> [Problem to work on]
All of the listing, from first line to last, should be output exactly; the pictures stay out.

> [Material provided]
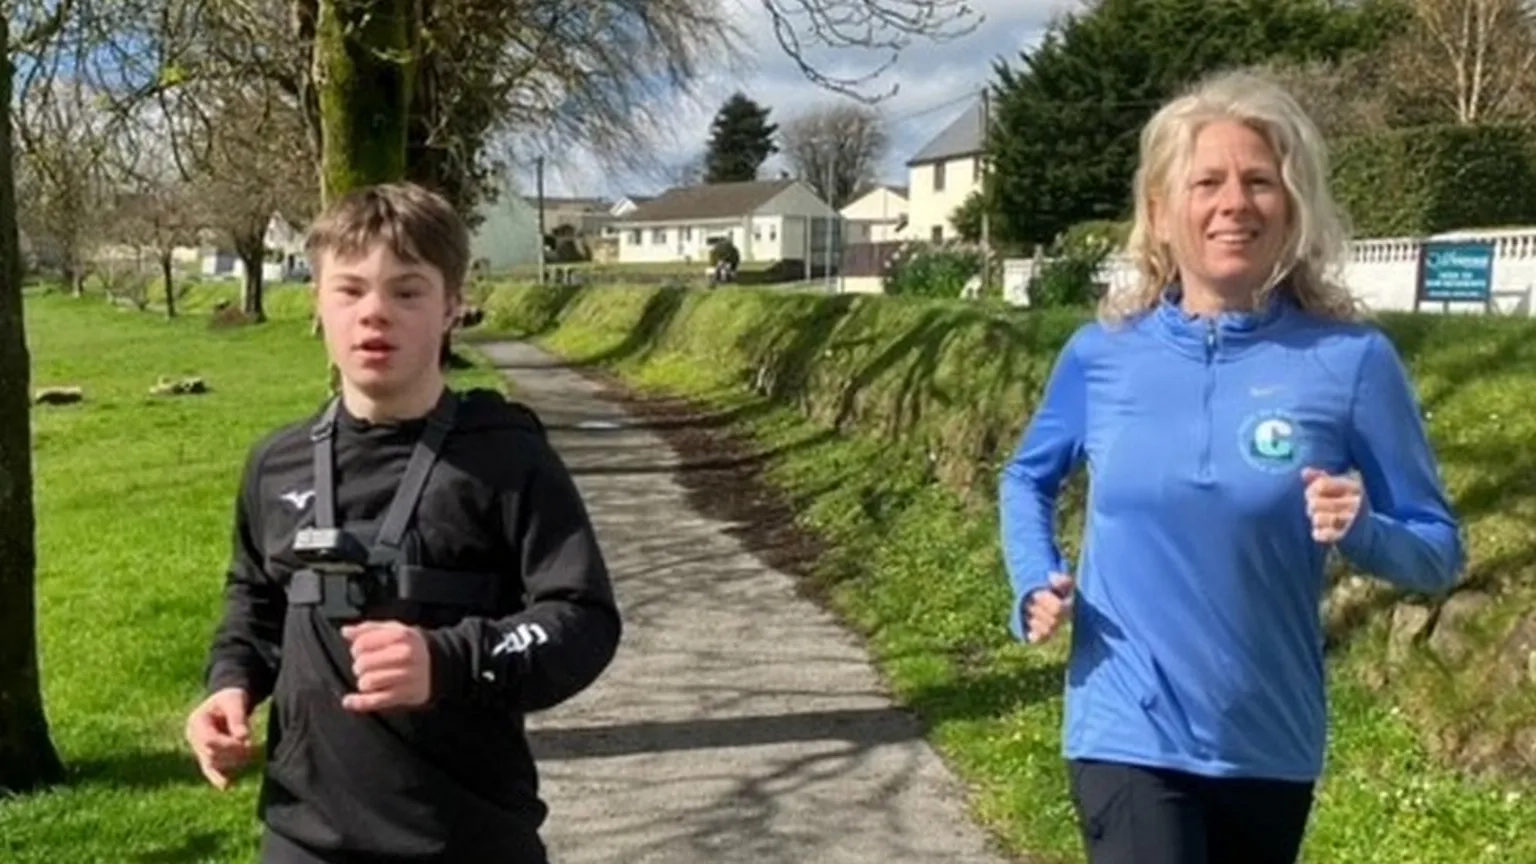 Il 19enne di Cardiff il prossimo 21 aprile parteciperà alla corsa con la mamma: “Mi piace correre con lei, è una leggenda” dice alla BBC. Il Guinnes World Record ha già pronto una titolo col suo nome
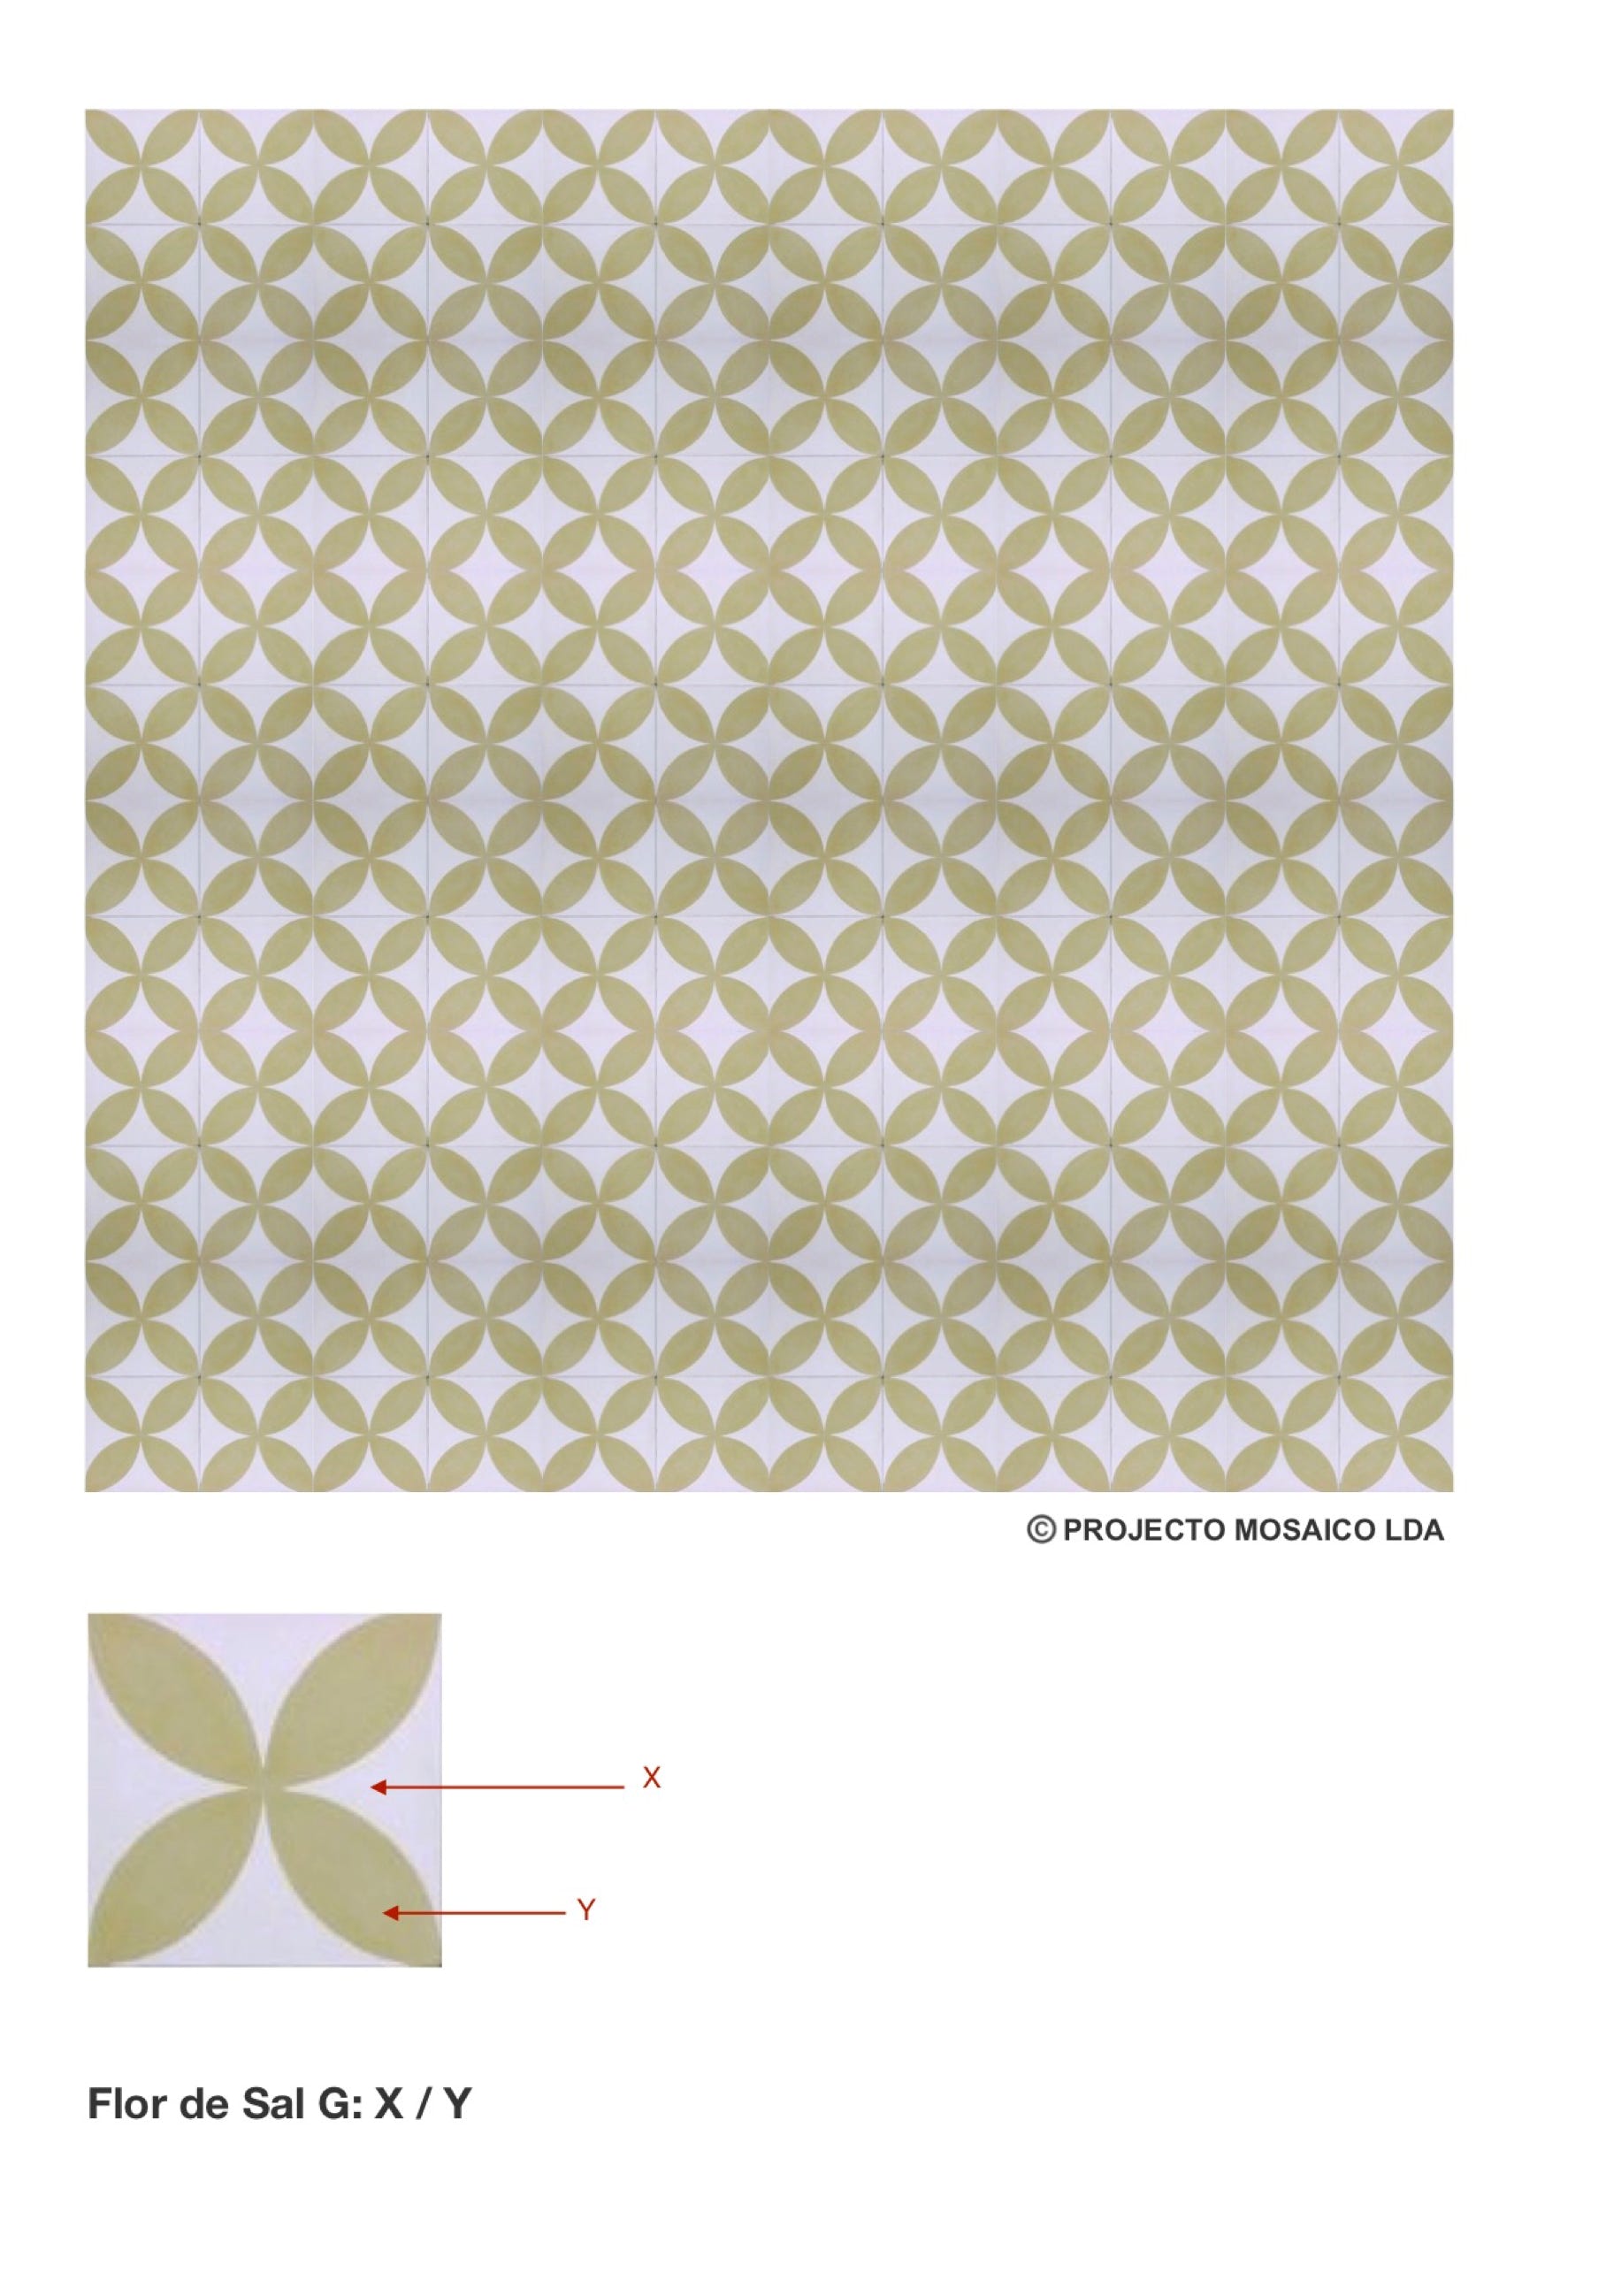 illustração de aplicação do mosaico hidráulico ref: Flor de Sal G
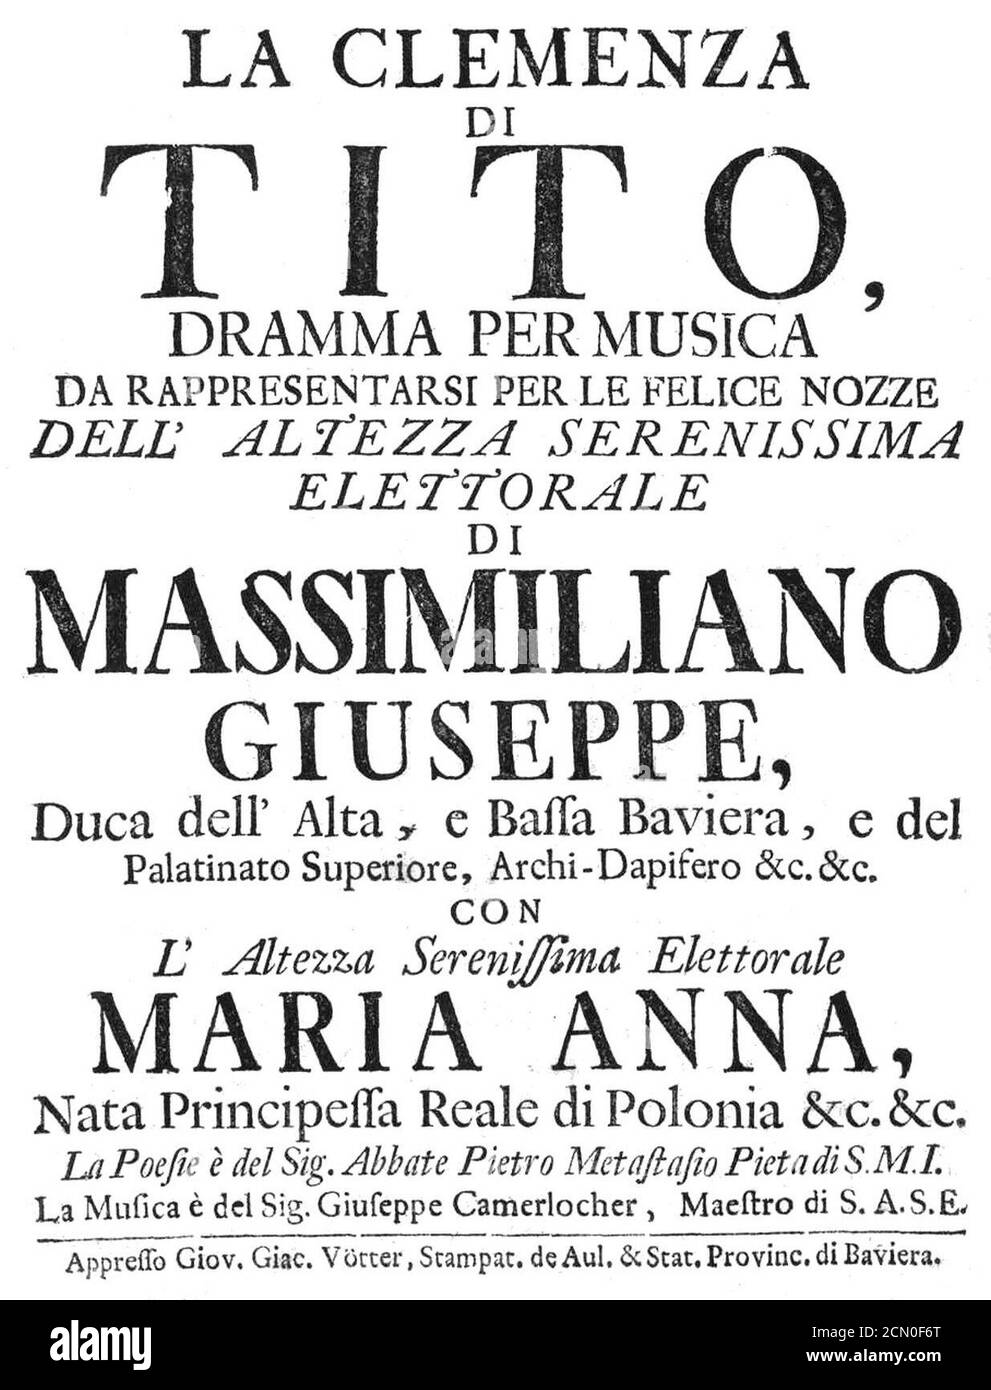 Joseph Anton Camerloher - La Clemenza di Tito - italian titlepage of the libretto - Munich 1747. Stock Photo
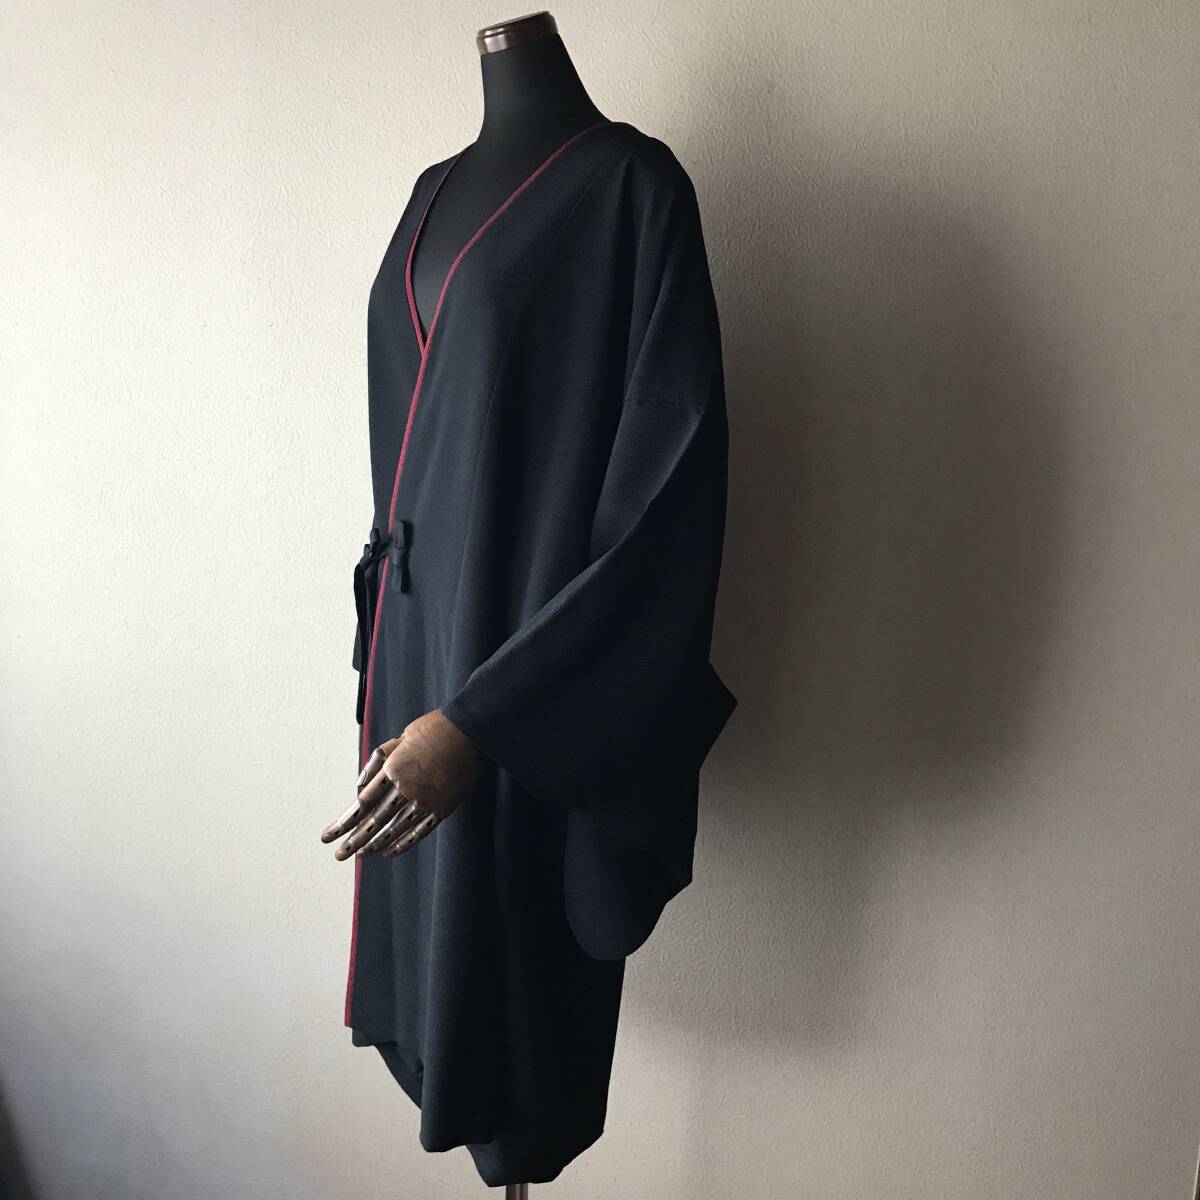  свободно размер. верхняя одежда * японский костюм пальто * чёрный . темно-красный цвет. линия . аккуратный . модный впечатление!* длина одежды 96.5* ширина 66

> [Written response]
 Il 19enne di Cardiff il prossimo 21 aprile parteciperà alla corsa con la mamma: “Mi piace correre con lei, è una leggenda” dice alla BBC. Il Guinnes World Record ha già pronto una titolo col suo nome
 illustração de aplicação do mosaico hidráulico ref: Flor de Sal G
 Joseph Anton Camerloher - La Clemenza di Tito - italian titlepage of the libretto - Munich 1747. Stock Photo
  свободно размер. верхняя одежда * японский костюм пальто * чёрный . темно-красный цвет. линия . аккуратный . модный впечатление!* длина одежды 96.5* ширина 66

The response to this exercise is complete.